Не было случая, чтобы он свалился на улице, и дома, выпивший, никогда не сделал ничего предосудительного — это святая правда. Но мать не могла терпеть, если от отца хотя бы слегка попахивало. Как тут объяснишь… Не то чтобы нашла коса на камень. Может быть, матери, часто занятой мыслью о смерти, оскорбительными казались отцовские земные успехи?

Сколько я по ее наставлению провел с ним длинных разговоров! Сколько произнес горьких слов! Сам он за всю свою жизнь не сказал мне, пожалуй, и сотой доли того обидного, что, как старший из детей, как материн заступник, сказал ему я…

Потом, когда уже подросли мои сыновья, когда «воспитывать» отца мне с каждым разом становилось мучительней, я однажды сказал матери: все, больше не вмешиваюсь — мне стыдно!

В голосе у нее послышалась выношенная убежденность: «Отца тебе жалко — конечно, пусть он лучше доконает мать».

Ах вы стареющие наши родители!.. Из-за ревности, из-за чего ли другого как безжалостно рвете вы порой сердца взрослых ваших детей!
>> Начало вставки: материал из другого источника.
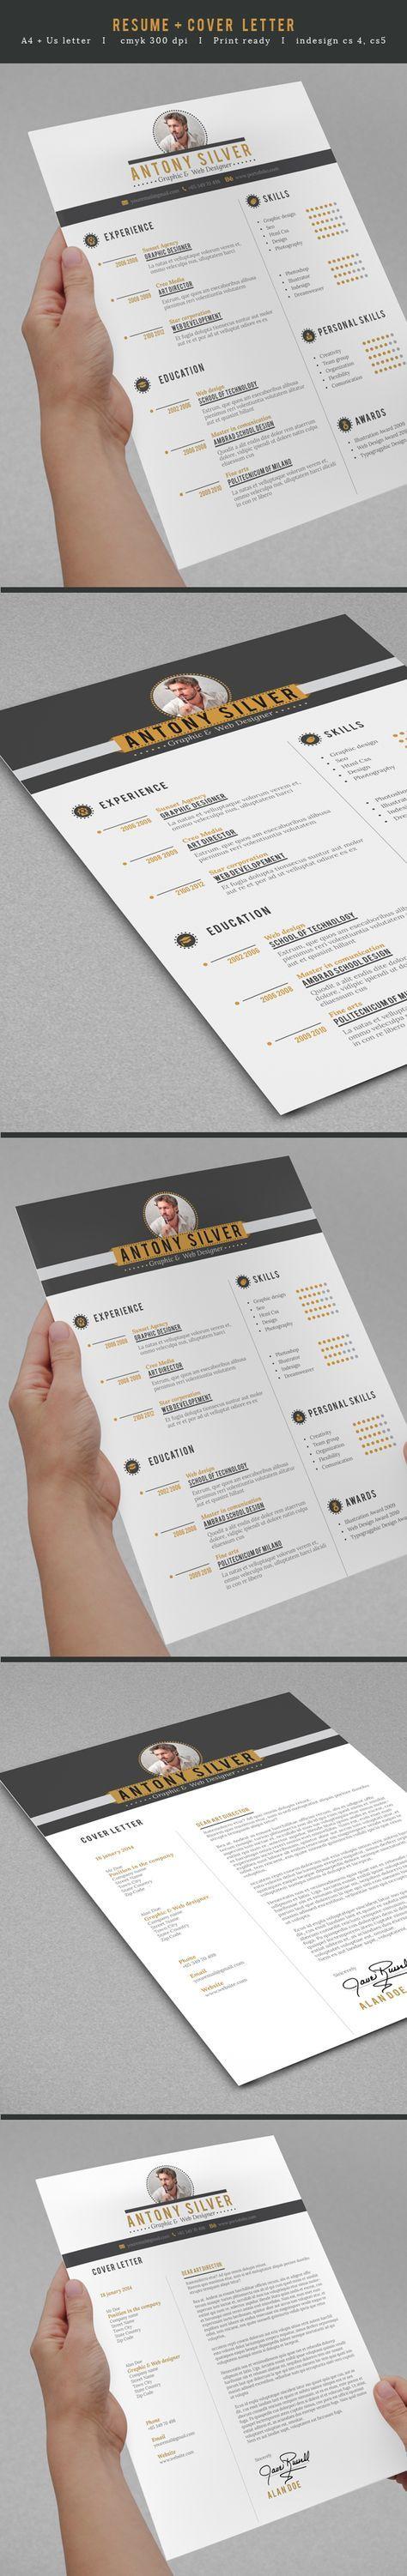 #creative #curriculum vitae #lebenslauf #bewerbung #bewerbungsschreiben #design

Как жестоко испытываете на преданность!

Случилось так, что за год перед смертью отца я прилетел в станицу, когда он был дома один, — мать опять лежала в больнице у Валеры. Уже в дороге я почувствовал грипп и, едва добравшись до дому, на целую неделю свалился — никогда еще меня не трепало так сильно, как в тот раз. Отец оказался в роли сиделки, и надо было видеть, как он, привыкший, по словам матери, «чтобы за ним всю жизнь ухаживали», теперь ухаживал сам!

Весь день он или стоял у плиты, или сидел на стуле возле моей кровати. «Ничего, если побуду около тебя? Не устал? Ты, когда захочешь спать, ты скажи… А я знаешь о чем подумал? Ты как-то спрашивал, почему в станице у нас тот край, где я мальчишкой рос, называли Малахов Куток. А еще — Лягушевка. Знаешь почему? Целая история…»

На нем был просторный, в полоску, пиджак от старого моего выходного костюма, надетый на майку. Длинноватые рукава он подвернул, но потертые полоски подклада все равно почти закрывали пальцы — такой он сутулый стал, такой сухонький. Поседел он уже давно, а теперь начал лысеть, волосы поредели, голова стала, и в самом деле, что одуванчик, только серые, с выцветающей голубизною глаза лучились, как прежде, а может, и посветлее и подобрее прежнего — давно уже он не смотрел на меня с такой лаской.

Поднимался вдруг со стула, долго щупал стенку около кровати хорошо ли прогрелась? Потом торопливо, с озабоченным лицом шел к своим кипящим кастрюлям, гремел крышками и возвращался снова со щедрой улыбкой, опять ему что-то припомнилось, опять хотел что-то рассказать. Говорил, говорил и все, казалось, не мог наговориться…

Вкусы наши до этого, как правило, не совпадали: если я ему советовал что-либо почитать, он потом долго недоумевал, когда прочитывал; если что-либо пытался навязать мне он — я только морщился и заранее кисло улыбался: мол, знаем!.. А тут вдруг впервые ему понравилось то, что я с собою привез, а я неожиданно стал зачитываться тем, что выпросил он для меня в районной библиотеке, — странно! Может быть, дело и всегда было не в книгах, но — в нас самих?

«А ты правильно, что усы не сбрил, — сказал он мне, когда я уже поднялся и собирался вечером пойти посидеть с друзьями. — Мало ли что люди говорят, ты не слушай! Я вот, веришь, так привык, что теперь даже не представляю тебя без усов».